Bisher ist es lediglich bekannt, aus hohlen T-Profilen bestehende Träger für Unterdeckenplatten zu einem gitterförmigen Tragrost zusammenzusetzen, wobei die einzelnen Gitterfelder die Unterdeckenplatten aufnehmen. Bei dieser bekannten Decke werden die Längsträger mit ihren Enden aufgelegt und durch die Quersprossen zu dem Gitter verbunden. Bei aufhängbaren Zwischendecken, die aus an der tragenden Decke aufgehängten Trägern und Unterdeckenplatten bestehen, werden bisher ein anderes Profil aufweisende Träger verwendet.

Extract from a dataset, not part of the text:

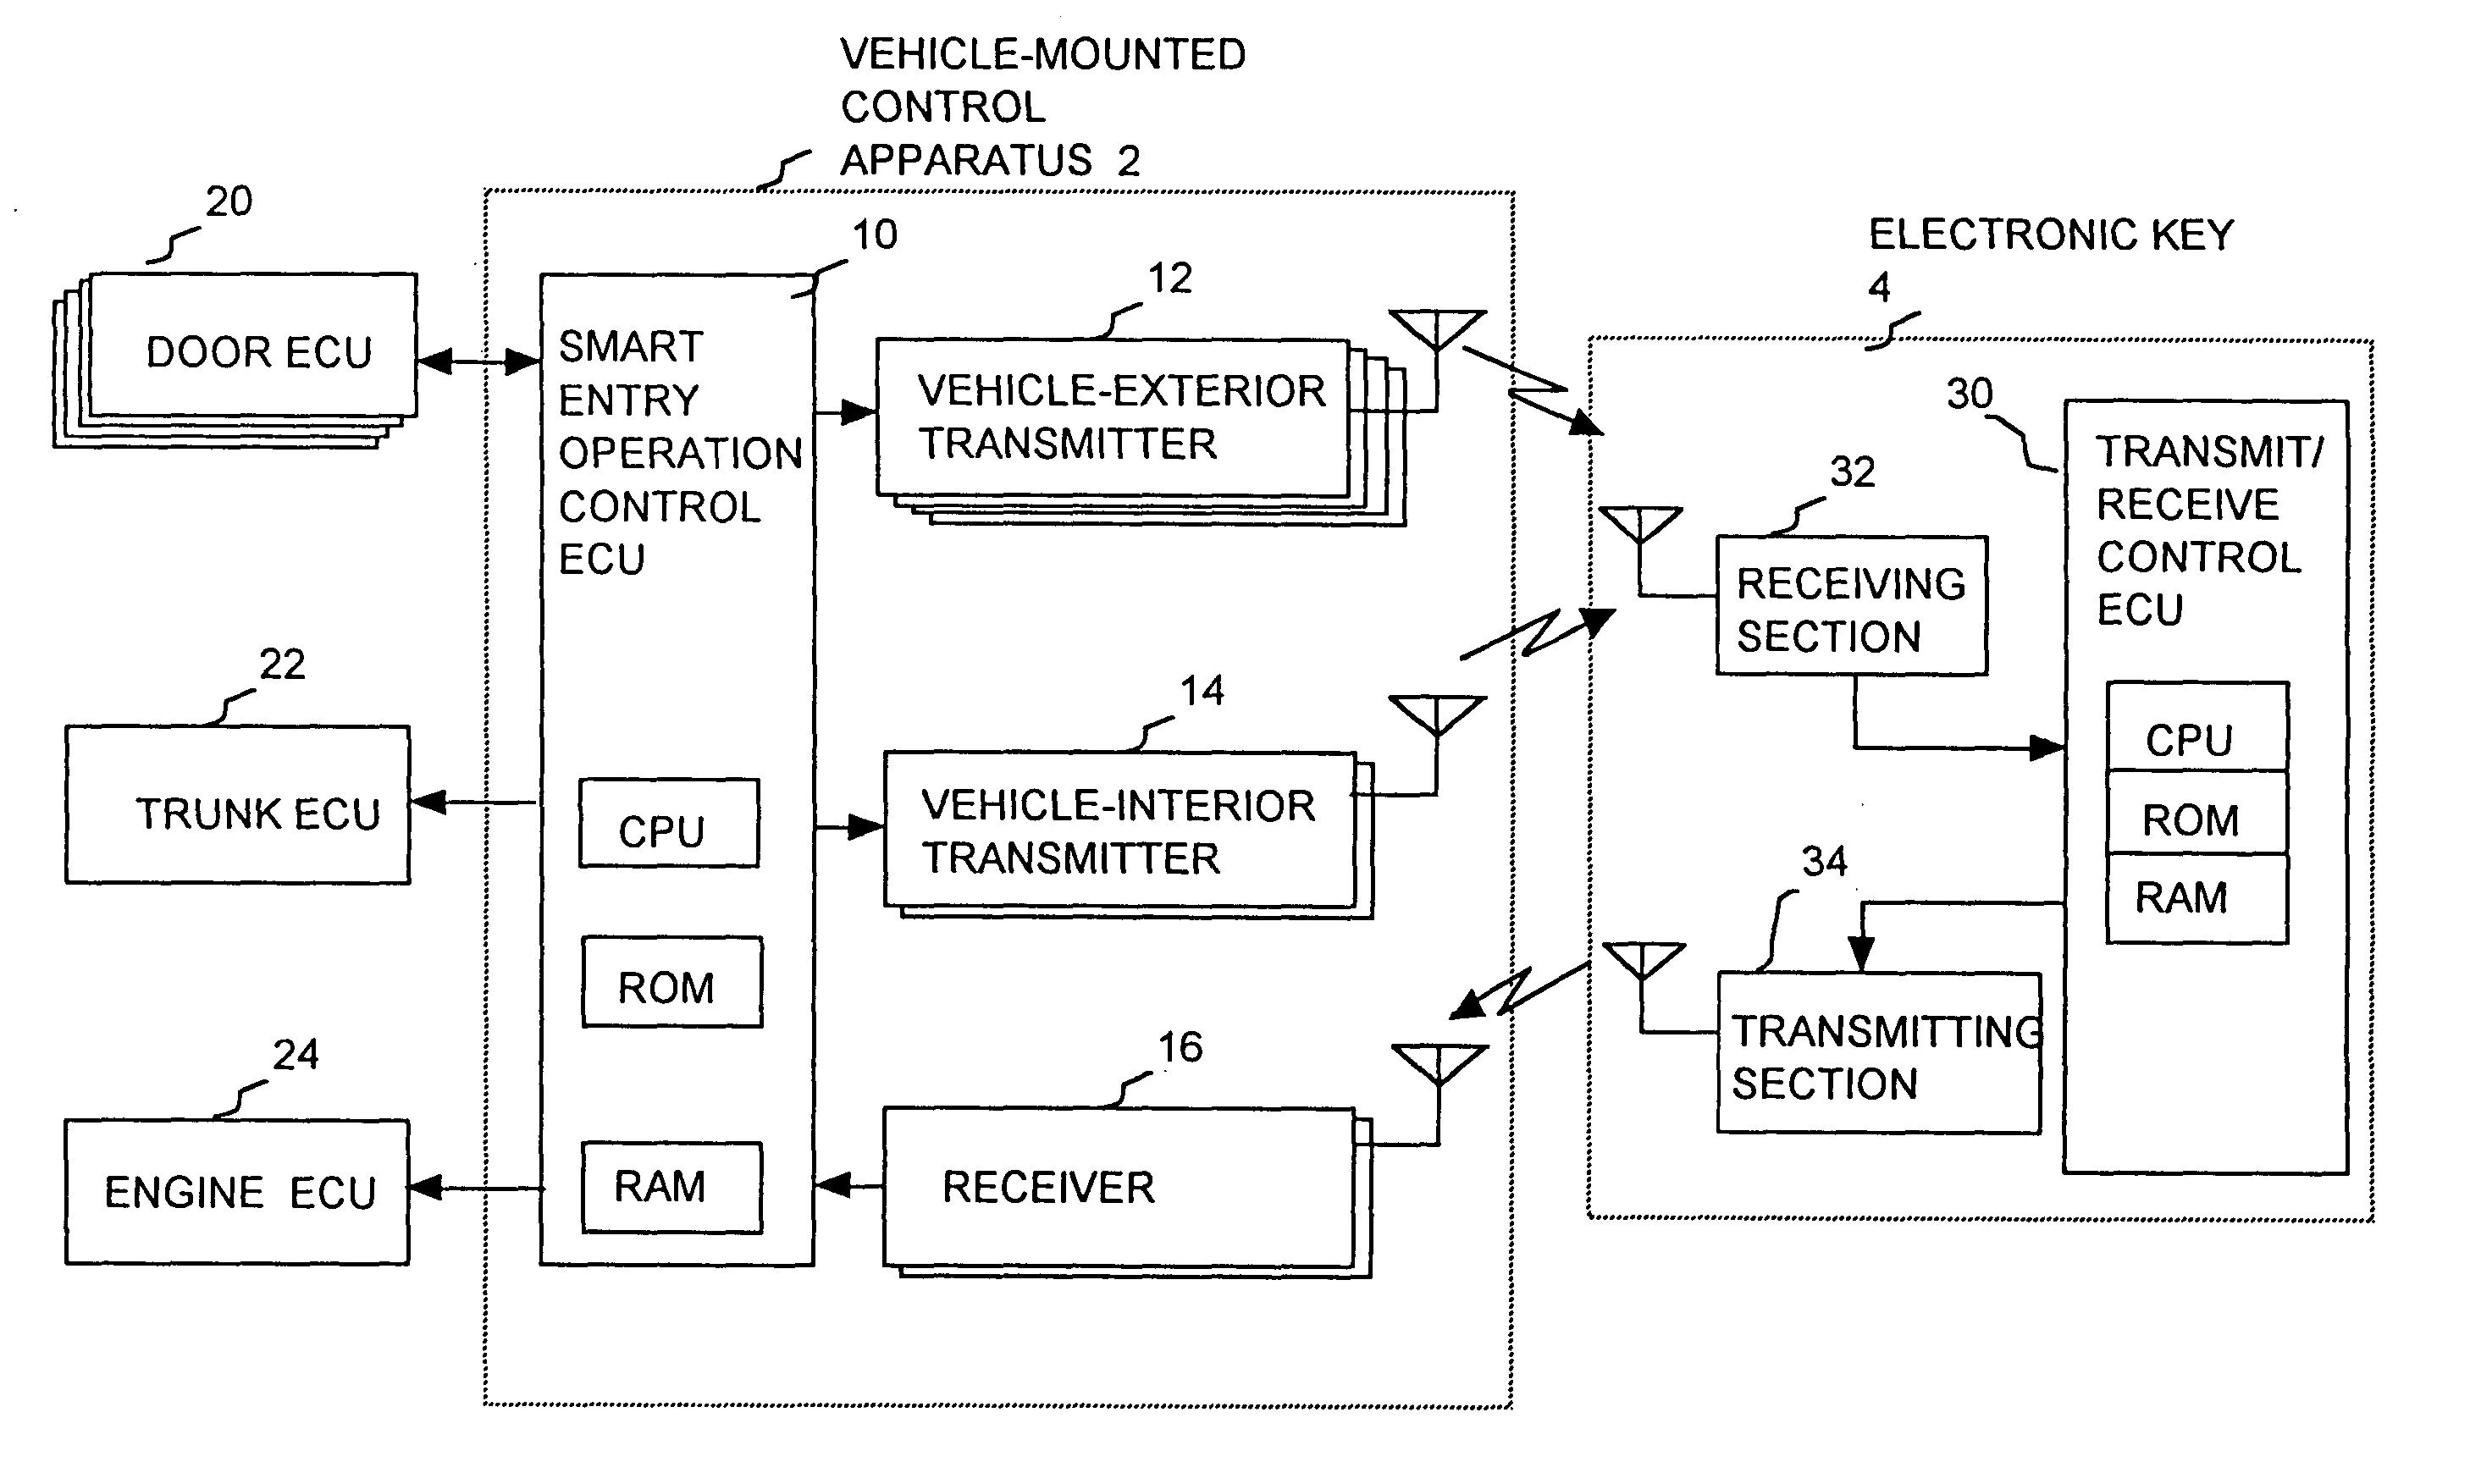 Remote control system for controlling a vehicle with priority of control access being assigned to the most recent user of the vehicle

Die Erfindung betrifft einen Träger der eingangs genannten Art und besteht im wesentlichen darin, dass der Träger zur Auflagerung der Unterdeckenplatten horizontal verlaufende, über den Flansch des hohlen T-Profiles vorspringende Tragflansche aufweist.

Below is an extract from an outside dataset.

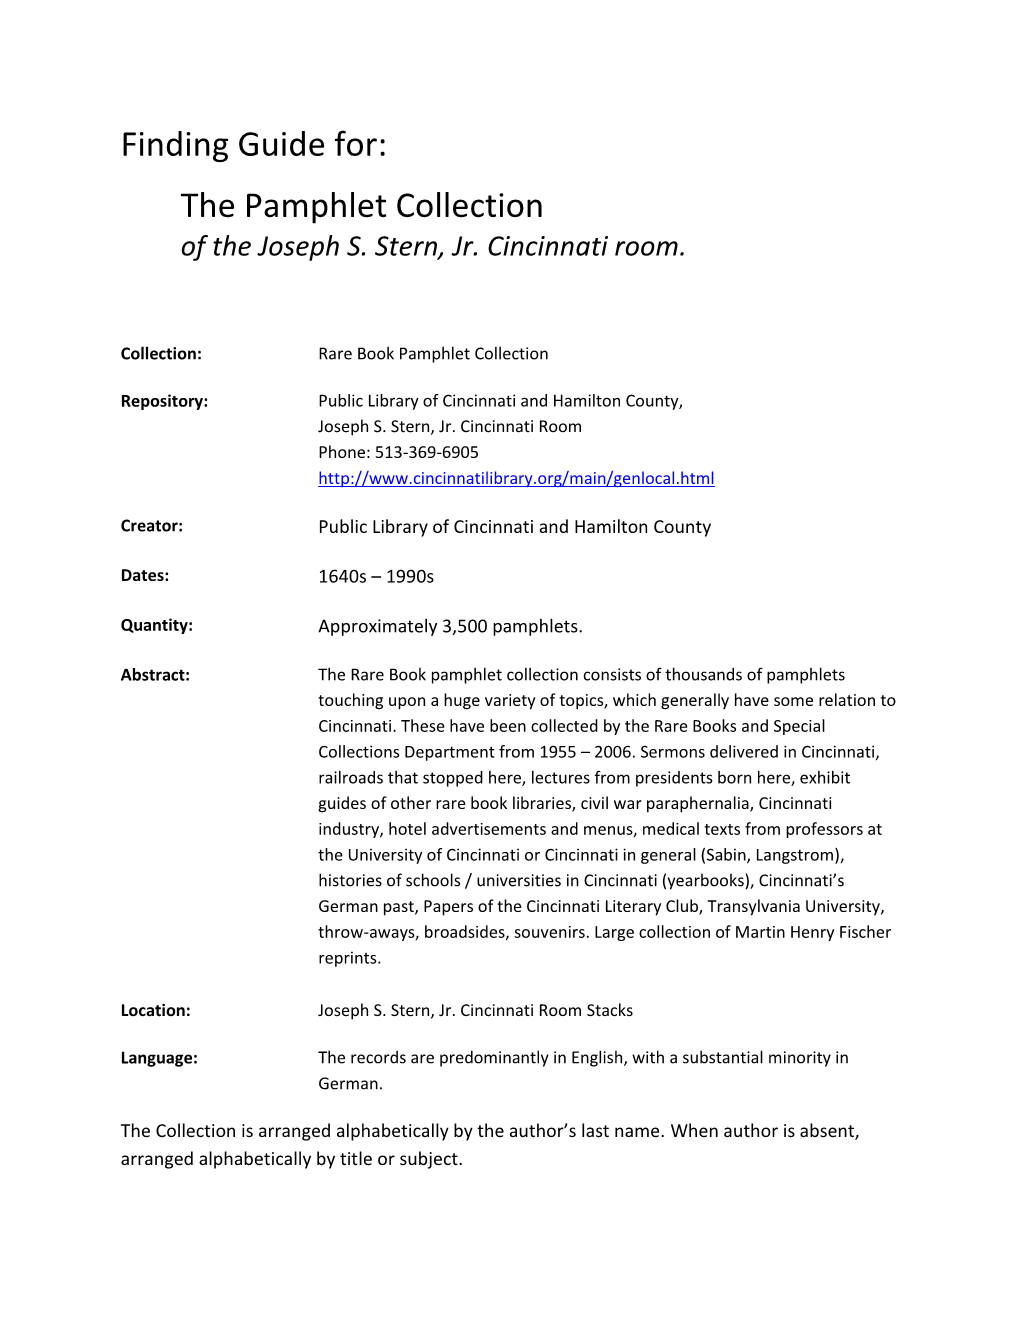 Finding Guide For: the Pamphlet Collection of the Joseph S

Die erfindungsgemäss vorgesehenen Tragflansche stehen bei fertig montierter Decke mit den Unterdeckenplatten in tragendem Eingriff. Erfindungsgemässe Träger werden vorzugsweise bei aufgehängten Zwischendecken verwendet. Die Aufhängung kann mit Hilfe von in die Höhlung des T-Profiles eingreifenden Bolzen, deren Köpfe im hohlen Flansch zu liegen kommen, erfolgen.
Nach einer weiteren Ausgestaltung der Erfindung weist der Träger ein aus Metall gefertigtes Hohlprofil mit T-förmigem Querschnitt und einen den Flansch dieses Profiles eng umschliessenden gegossenen oder gespritzten Kunststoffhohlkörper auf, der mit den von den Stegwänden des Hohlprofiles ausgehenden, nach entgegengesetzten Seiten weisenden horizontalen Tragflanschen versehen ist.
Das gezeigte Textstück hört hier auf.